Exercise brief:
Your task is to restate the listing word for word without the pictures.

Material provided:
▬▬▬▬▬▬
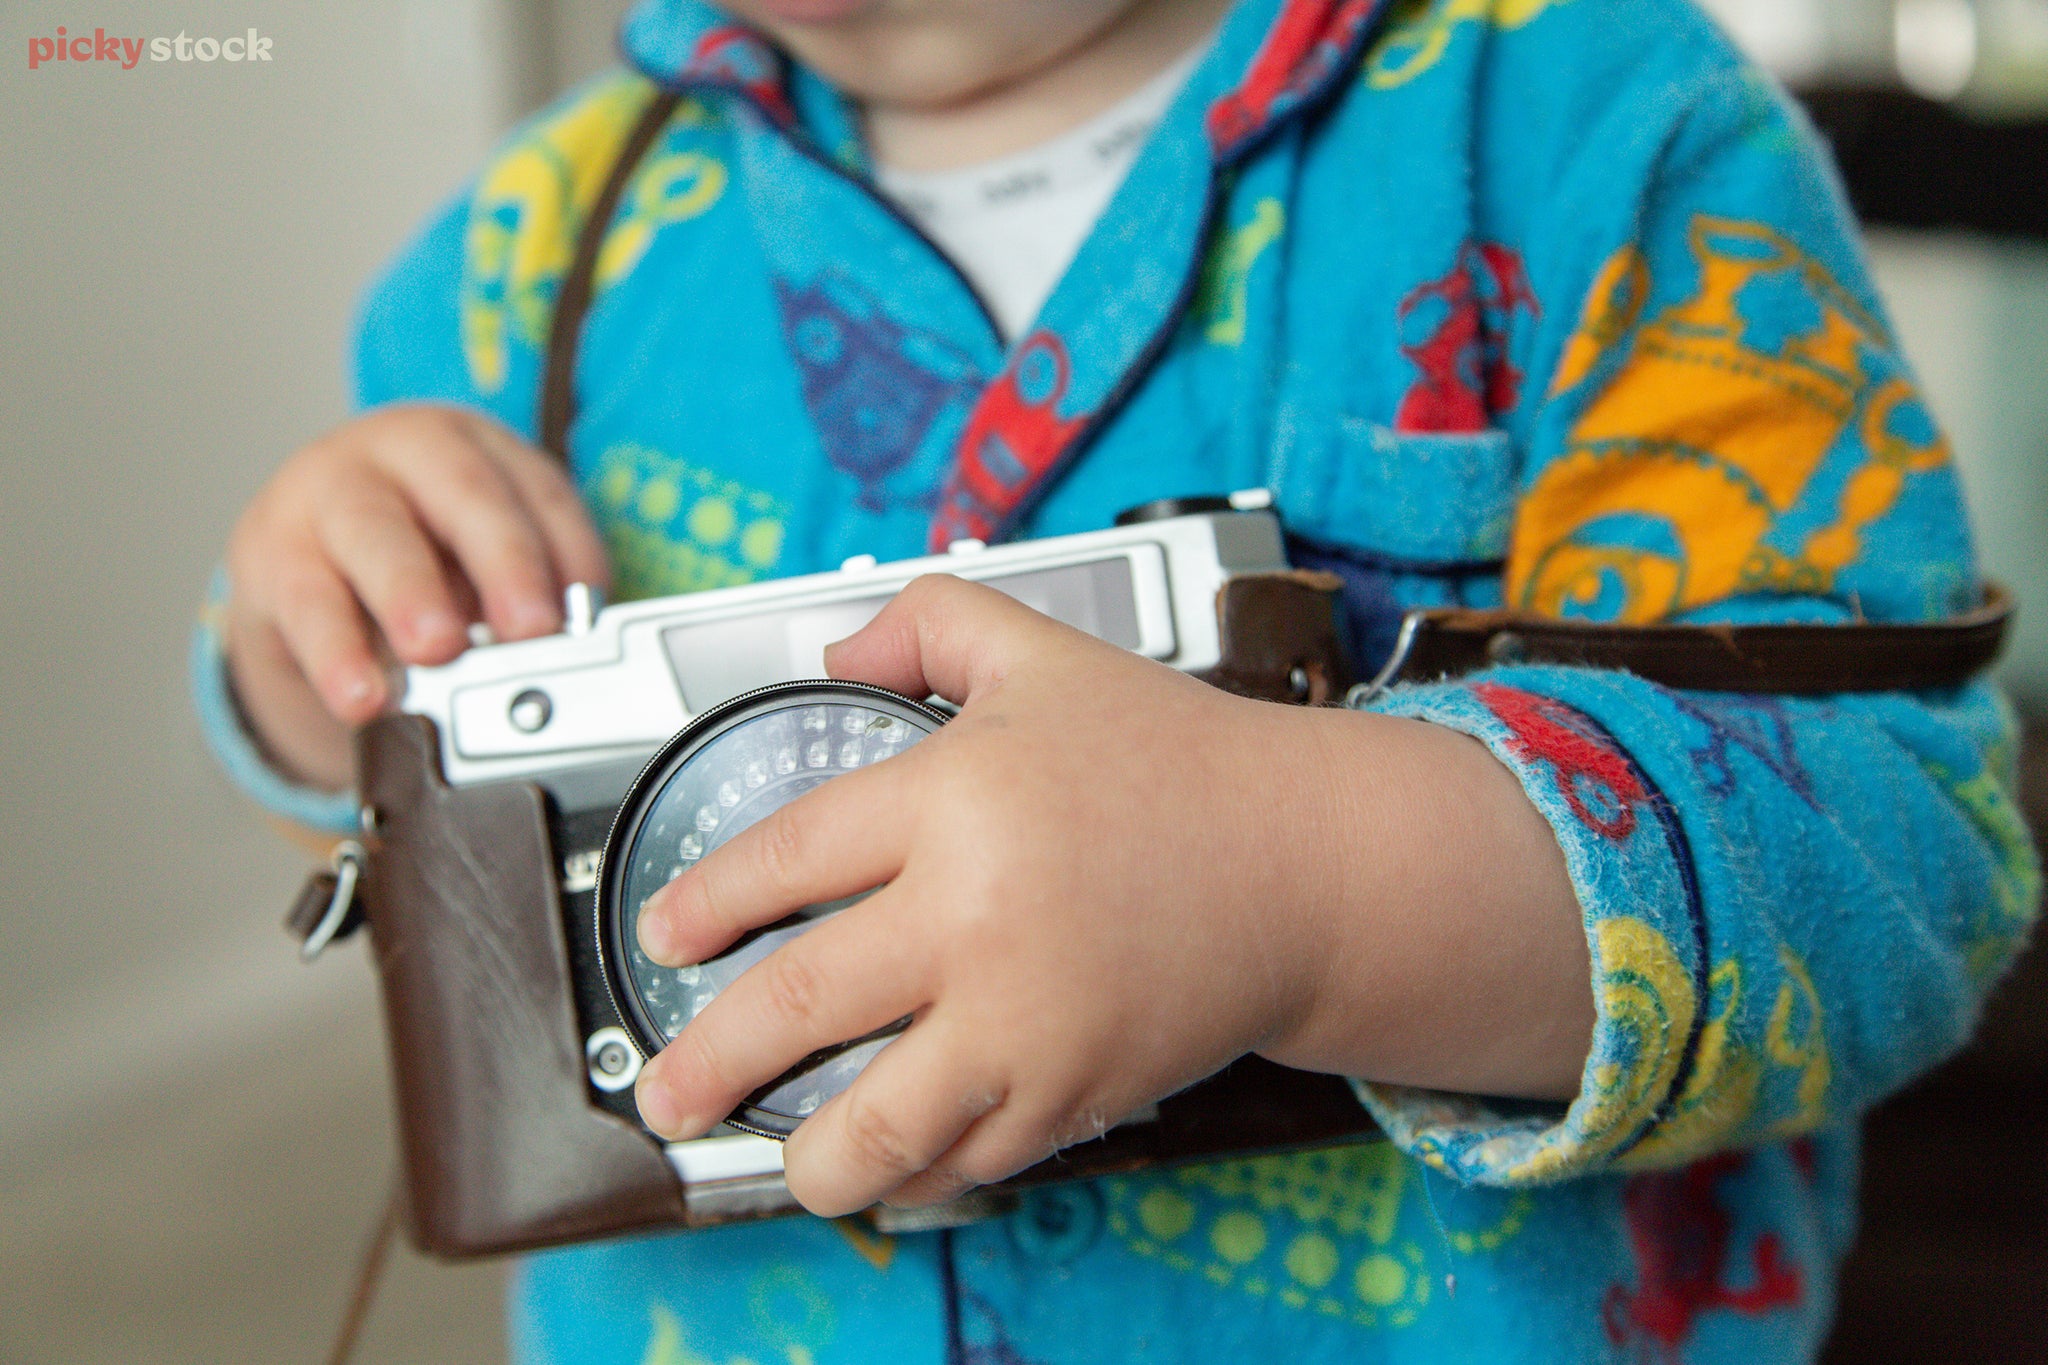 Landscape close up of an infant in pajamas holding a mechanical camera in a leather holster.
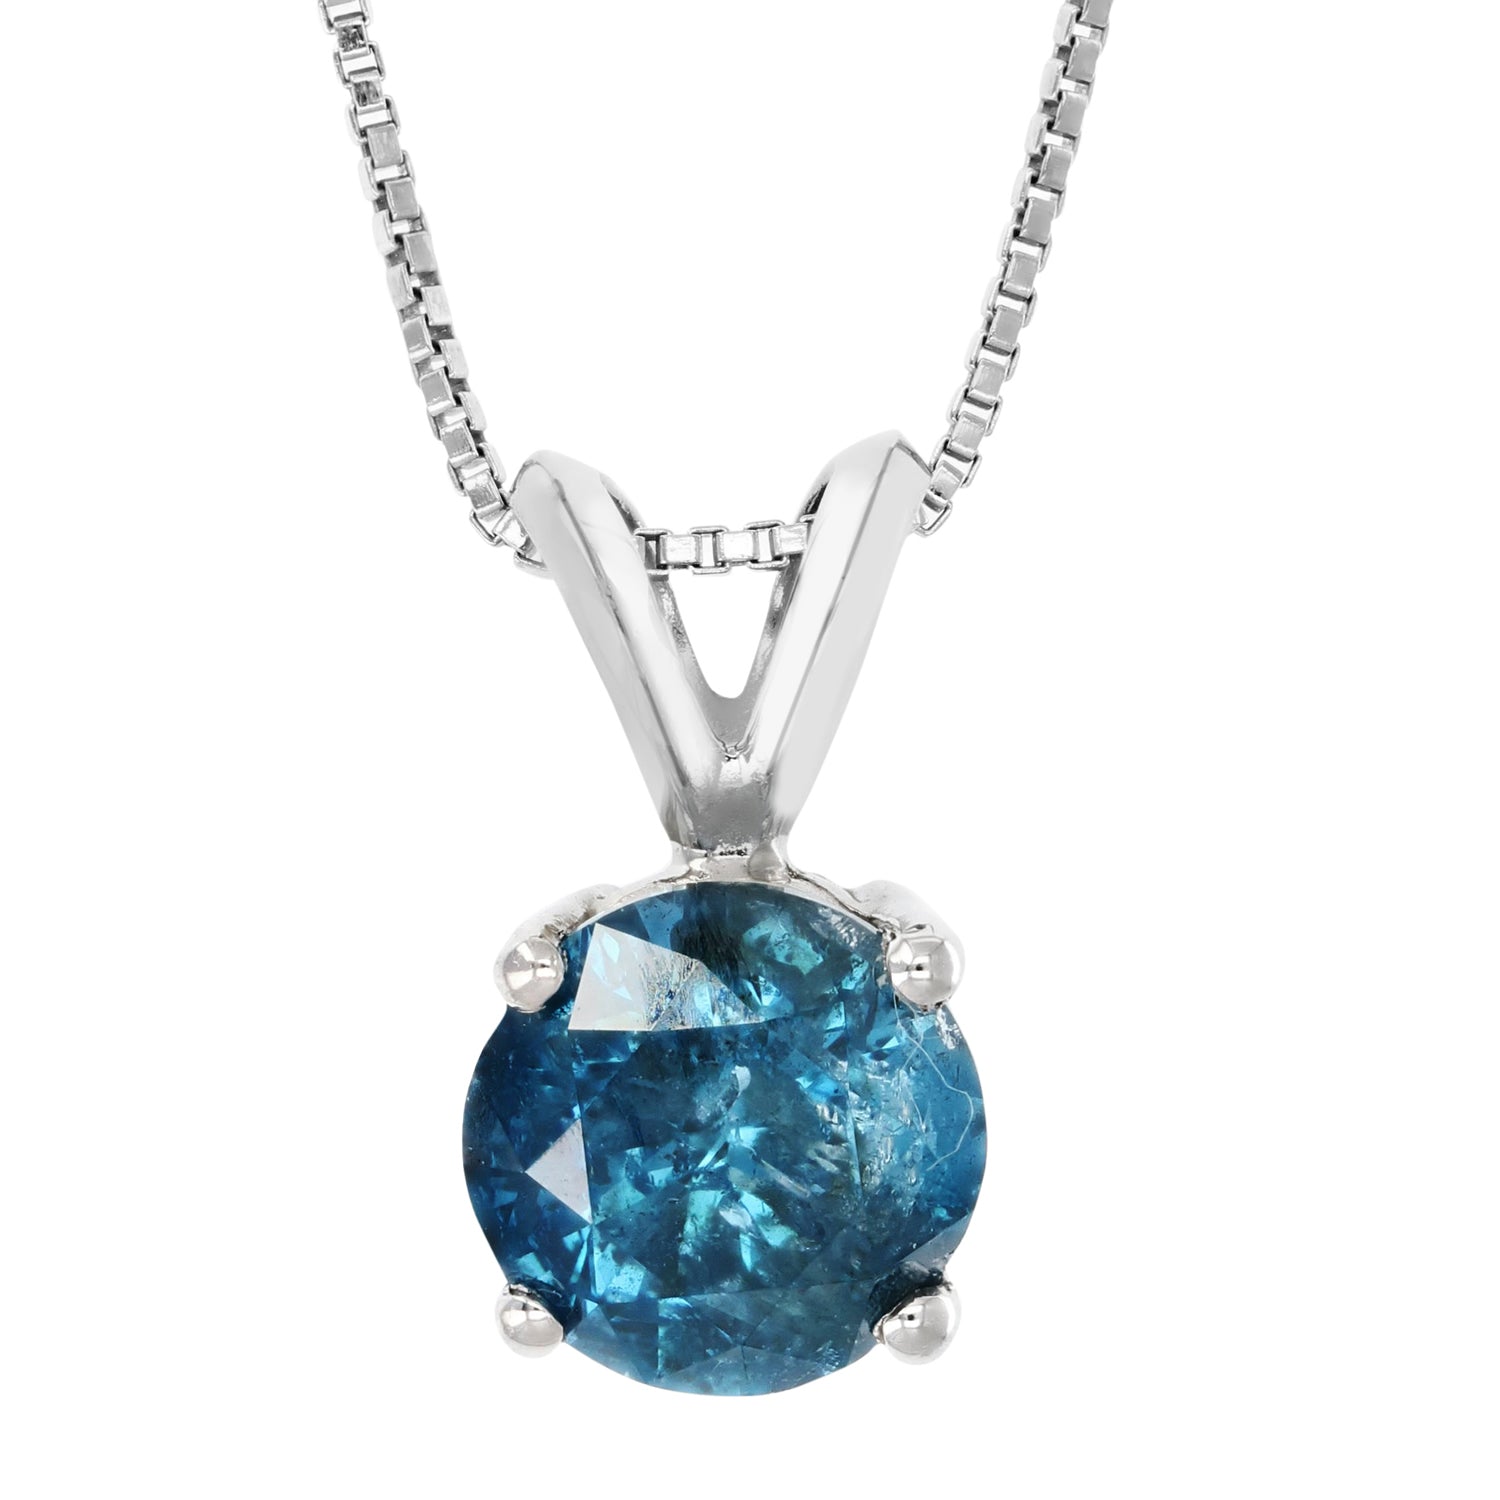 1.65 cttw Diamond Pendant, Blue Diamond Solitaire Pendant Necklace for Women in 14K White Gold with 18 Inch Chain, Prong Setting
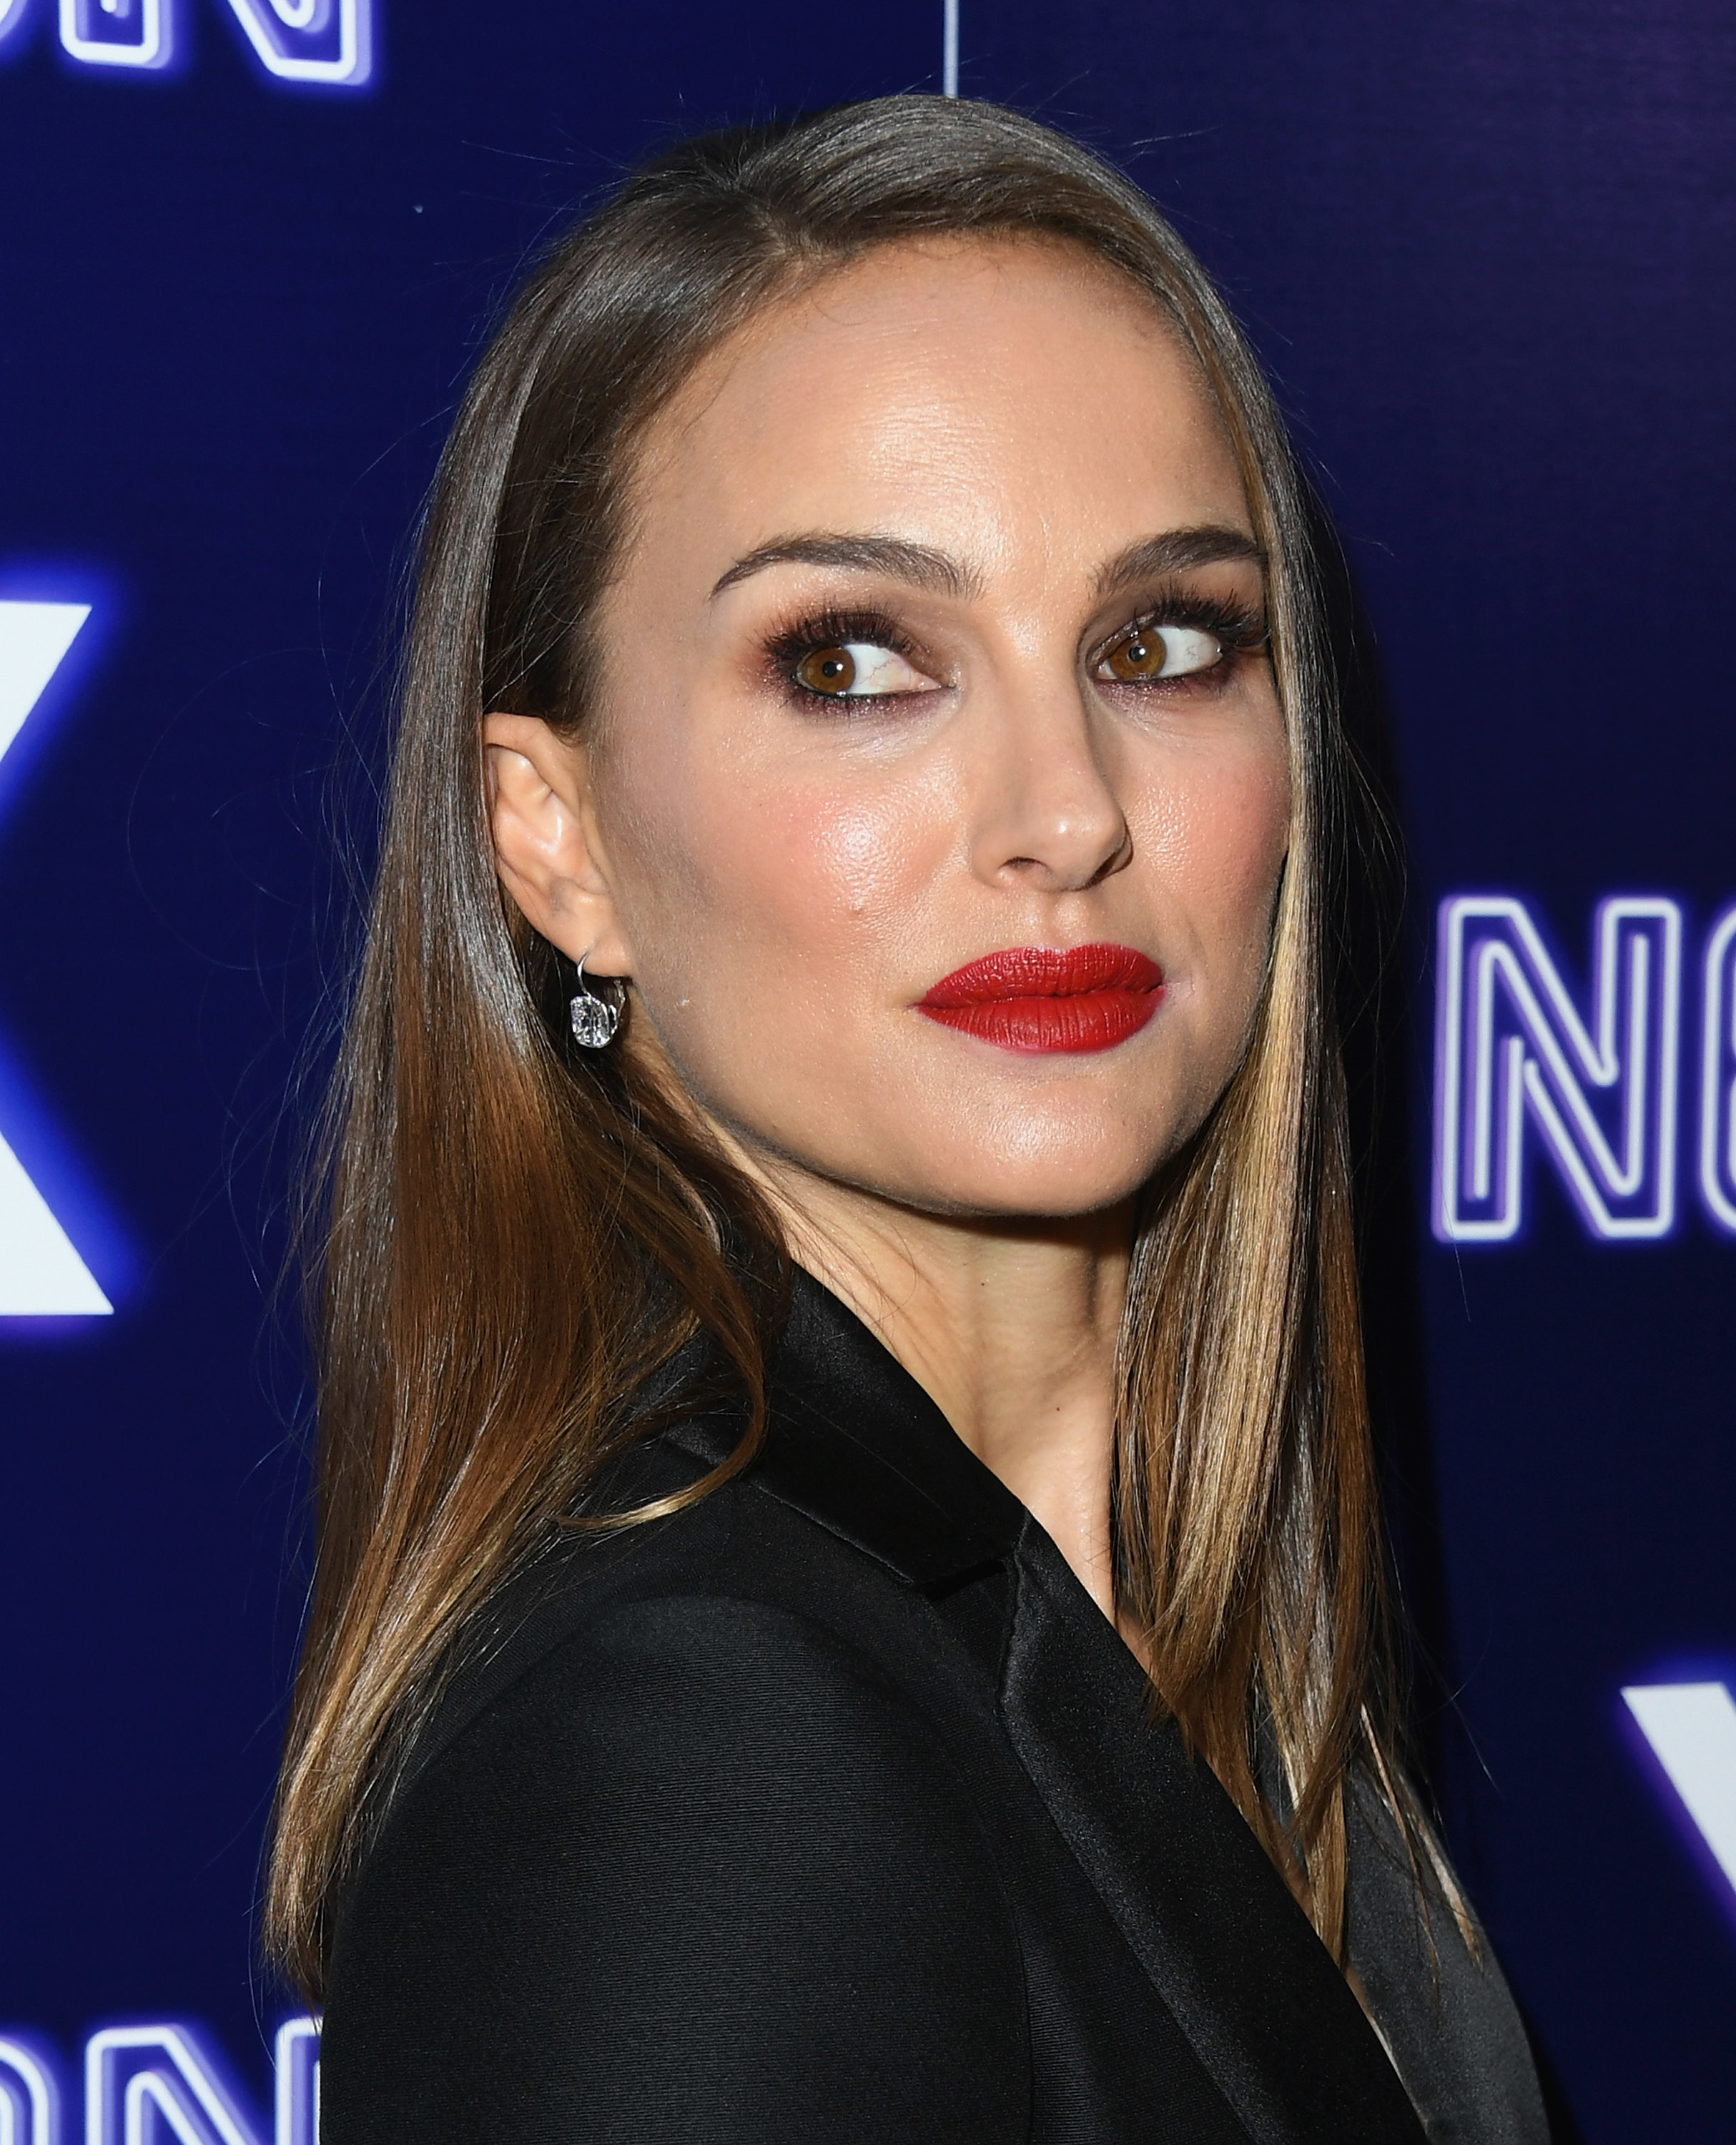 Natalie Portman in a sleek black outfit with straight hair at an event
▬▬▬▬▬▬
Response area:
 Landscape close up of an infant in pajamas holding a mechanical camera in a leather holster.
 1.65 cttw Diamond Pendant, Blue Diamond Solitaire Pendant Necklace for Women in 14K White Gold with 18 Inch Chain, Prong Setting
 Natalie Portman in a sleek black outfit with straight hair at an event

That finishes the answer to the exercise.